The external fire exposure selected to evaluate this protective envelope system is that described in the ASTM E119-98 Fire Tests of Building Construction and Materials (E119 Time-Temperature Curve, described later in this document.)

Typical fire test programs involve the selection and construction of a specific electrical raceway system, instrumentation for thermal measurements, followed by the application of the fire resistive barrier system by qualified personnel.

This standard should be used to measure and describe the properties of materials, products, or assemblies in response to heat and flame under controlled laboratory conditions and should not be used to describe or appraise the fire hazard or risk of materials, products, or assemblies under actual fire conditions. However, results of this test my be used as elements of a fire risk assessment that takes into account all the factors that are pertinent to an assessment of the fire hazard of a particular end use.

TEST PROCEDURE

The test furnace used consists of a large horizontal exposure chamber, with internal dimensions of 12 ft (length) by aft (width). The furnace is equipped with diffuse-flame propane gas burners symmetrically located across the floor of the furnace and controlled by individual gas flow valves, with the overall gas flow to valves, with the overall gas flow to the furnace being controlled by a single gas control valve. Capable of a maximum heat output of 5 million Btu/hour, these burners are arranged well below the exposed face of the specimen to ensure an even temperature at the surface of the specimen. Windows are located on two sides of the furnace to allow observation of the specimen during fire exposure. The depth of the furnace is variable, being increased to the desired amount by the addition of concrete blocks around the perimeter ledge. These blocks are lined with ceramic fiber blanket to minimize the heat loss from the furnace and to decrease the time required for the furnace walls to heat up.

The temperature within the furnace is determined to be the mathematical average of thermocouples located symmetrically within the furnace and positioned twelve inches away from the exposed face of the test specimen. The materials used in the construction of these thermocouples are those suggested in the test standard. During the performance of a fire exposure test, the furnace temperatures are monitored at least every 15 seconds and displayed for the furnace operator to allow control along the specified temperature curve.

The fire exposure is controlled to conform with the standard time-temperature curve shown in the table below: 

The fire test is controlled according to the standard time-temperature curves as indicated by average temperature obtained from the readings of the furnace interior thermocouples symmetrically located across the specimen, 12 in. away. The thermocouples are enclosed in protection tubes of such material and dimensions that the time constant of the thermocouple assembly lies between 5.0 and 7.2 minutes, as required by the E 119 standard.  The furnace temperature during a test is controlled such that the area under the time-temperature curve is within 5% of the corresponding area under the standard time-temperature curve for the three-hour test period.

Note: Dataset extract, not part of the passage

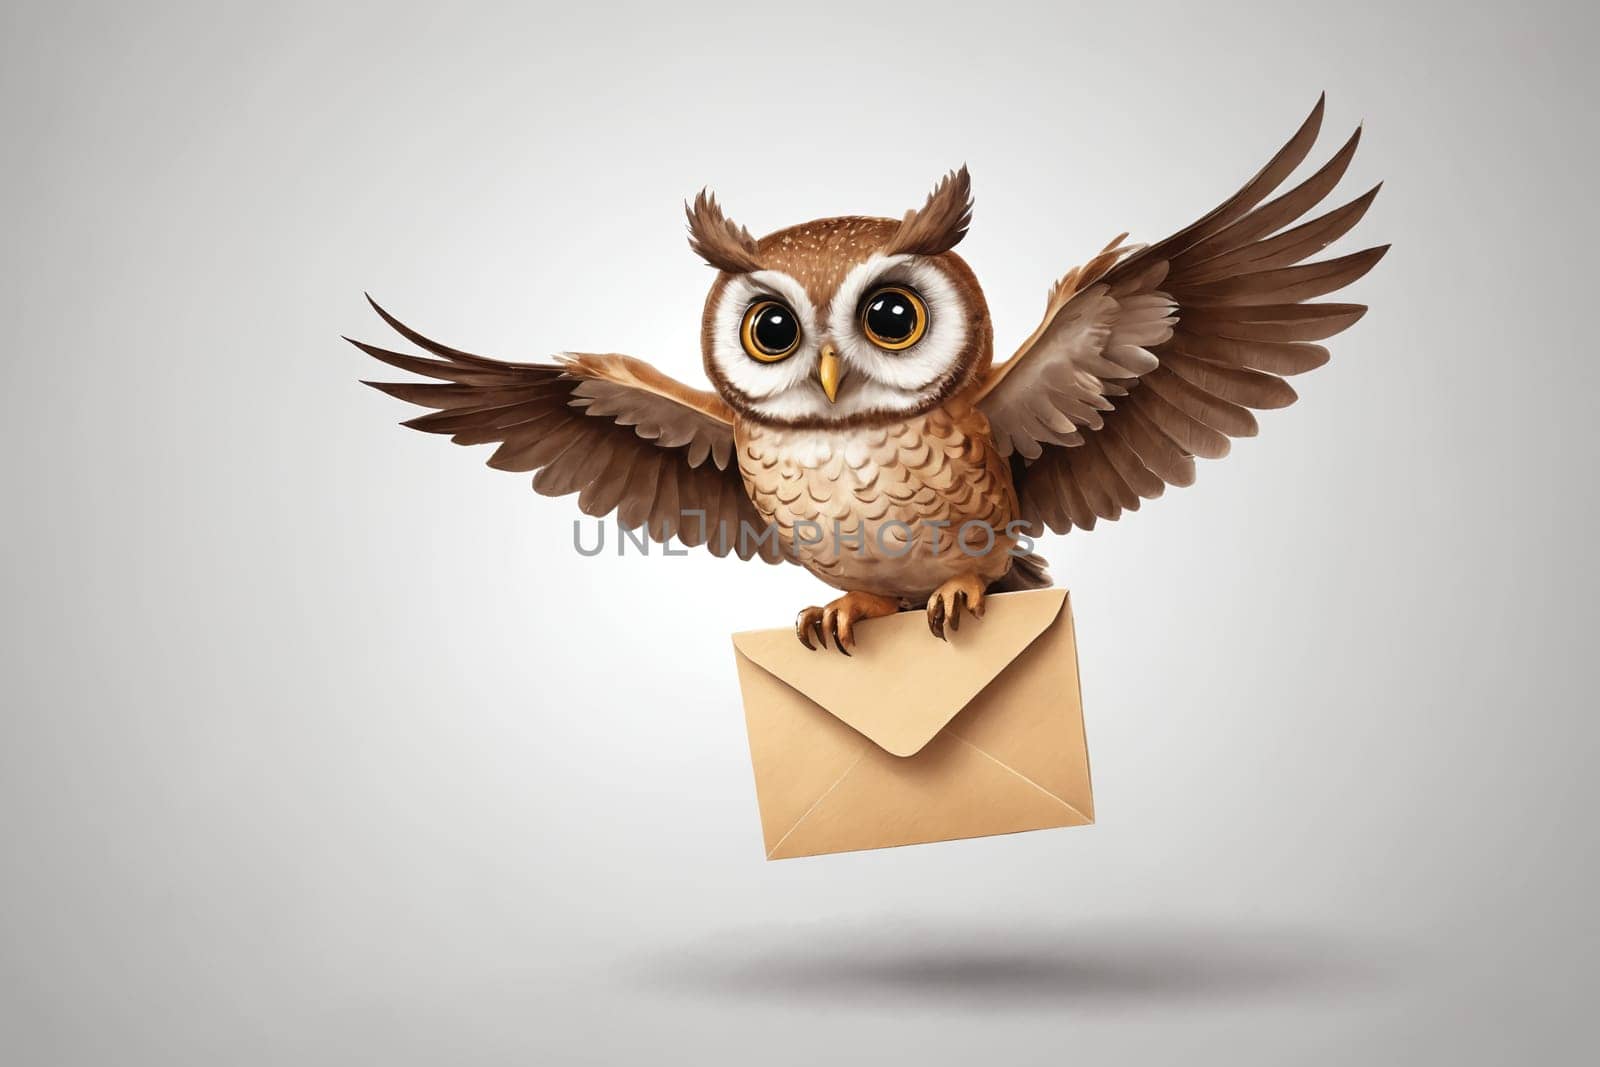 Night Messenger: Majestic Owl Delivering Envelope by Andre1ns

The furnace pressure is controlled to be as nearly neutral with respect to the surrounding laboratory atmosphere as possible, measured at the vertical mid-height of the test specimen.

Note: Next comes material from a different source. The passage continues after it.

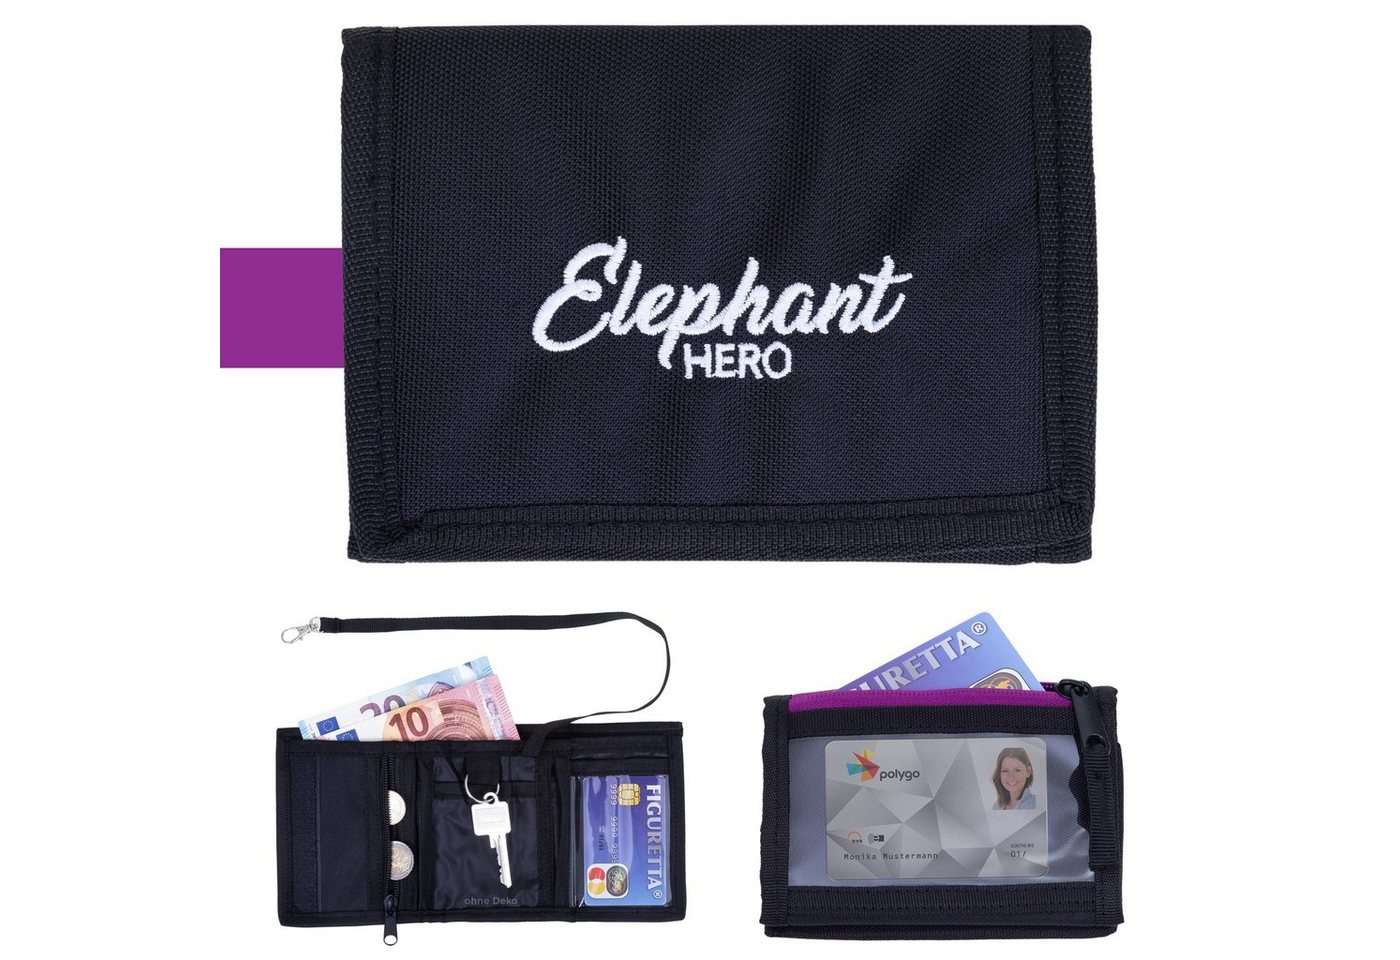 ELEPHANT Geldbörse Mädchen Jungen Hero Signature, Wallet Klettbörse Schülerbörse Schlüsselring Ausweisfach von ELEPHANT

The fire endurance rating of a fire-resistive barrier system for a specific electrical system component is the maximum time before which one of the following conditions occurs:

               The average temperature of any set of thermocouples for the  electrical system component
               is raised more than 250° F (139° C)  above its initial temperature.

               The temperature of any one thermocouple of the set for each electrical system component
               is raised more than 325°F (181°C) above its initial temperature.
 

Systems reaching either of these criteria, or which are terminated, at times other than even-hour time periods shall be rated to the 15-min increment immediately preceding the time at which the criteria condition or termination occurred.
 

TEST SPECIMEN CONSTRUCTION

A 4” fiberglass electrical conduit (10 ft. long with 1/6 “ wall thickness) was purchased by Flame Seal Products and delivered to the Laboratory. Prior to the installation of the fire protective system, the conduit was filled to an actual cross-sectional fill of 40. 0% with the following mix of cables. All cables were XHHW copper conductors.
 

The protective envelope system was supplied and installed by representatives of  Flame Seal Products, Inc., and the following description of that system was supplied by the client. While complete verification of the system was not possible, since the components were pre-assembled, no obvious deviation from these details was noticed.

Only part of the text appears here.